Leur histoire, leur passé, est raconté alors qu’elle sont convoyées vers l’est dans une sorte de cariole bricolée et conduite par une autre femme, Mary Bee. C’est le pasteur qui a mis au point ce « rapatriement » vers l’est, aucune solution n’étant possible pour elles dans l’Ouest sauvage, sans asile ni soin possible. A travers les plaines, le convoi doit rejoindre Hebron, et de là, elles seront confiées à leur famille, du moins, on peut l’espérer.

Mary Bee est une forte femme, généreuse, croyante, elle a sa terre, une maison en pierres et on dit même que son édredon serait en plumes. Son seul problème est de trouver un mari … Par naïveté, et devant la lâcheté des hommes, elle se retrouve rapatrieuse, dépassée mais résolue à traverser les plaines, sans mourir de froid, sans que les femmes ne se tuent, ne s’entretuent, ne s’enfuient, ne soient capturées ou et violées … L’odyssée tient du naufrage dès le départ; alors elle embarque Briggs, un fruit pourri, un voleur de terre, un homme peu fiable, sans compassion et fort peu d’hygiène dont on se demande quand il va trahir.

Le récit de leur périple est ponctué d’anicroches entre ce couple mal assorti, un jeu de pouvoir opposant pragmatisme et bonnes intentions. On pourrait alors croire que l’intrigue rejouerait le duo type incarné par exemple par Humphrey Bodard et Katharine Hepburn dans African Queen. D’autant plus que, à l’instar de John Huston, l’auteur joue du puritanisme de l’une et de la figure virile de l’autre. Et si comme dans le film, la tonalité dominante est ironique, les différentes péripéties que rencontre le convoi sont des rappels du réel, de la folie qui rôde, du moment où la lucidité peut basculer parce que les repères deviennent flous et l’air manque.

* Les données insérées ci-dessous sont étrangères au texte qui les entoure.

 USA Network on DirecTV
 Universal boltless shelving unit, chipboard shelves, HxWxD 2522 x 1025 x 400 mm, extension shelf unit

Homesman est davantage un roman de la désillusion que de la conquête, le mythe de la frontière en prend un sacré coup, loin des clichés des bonnets empesés des pionnières des grandes prairies. Les personnages se révèlent aussi beaucoup plus denses que les rôles assignés au départ pouvaient le laisser penser, sans violons mais avec une émotion percutante.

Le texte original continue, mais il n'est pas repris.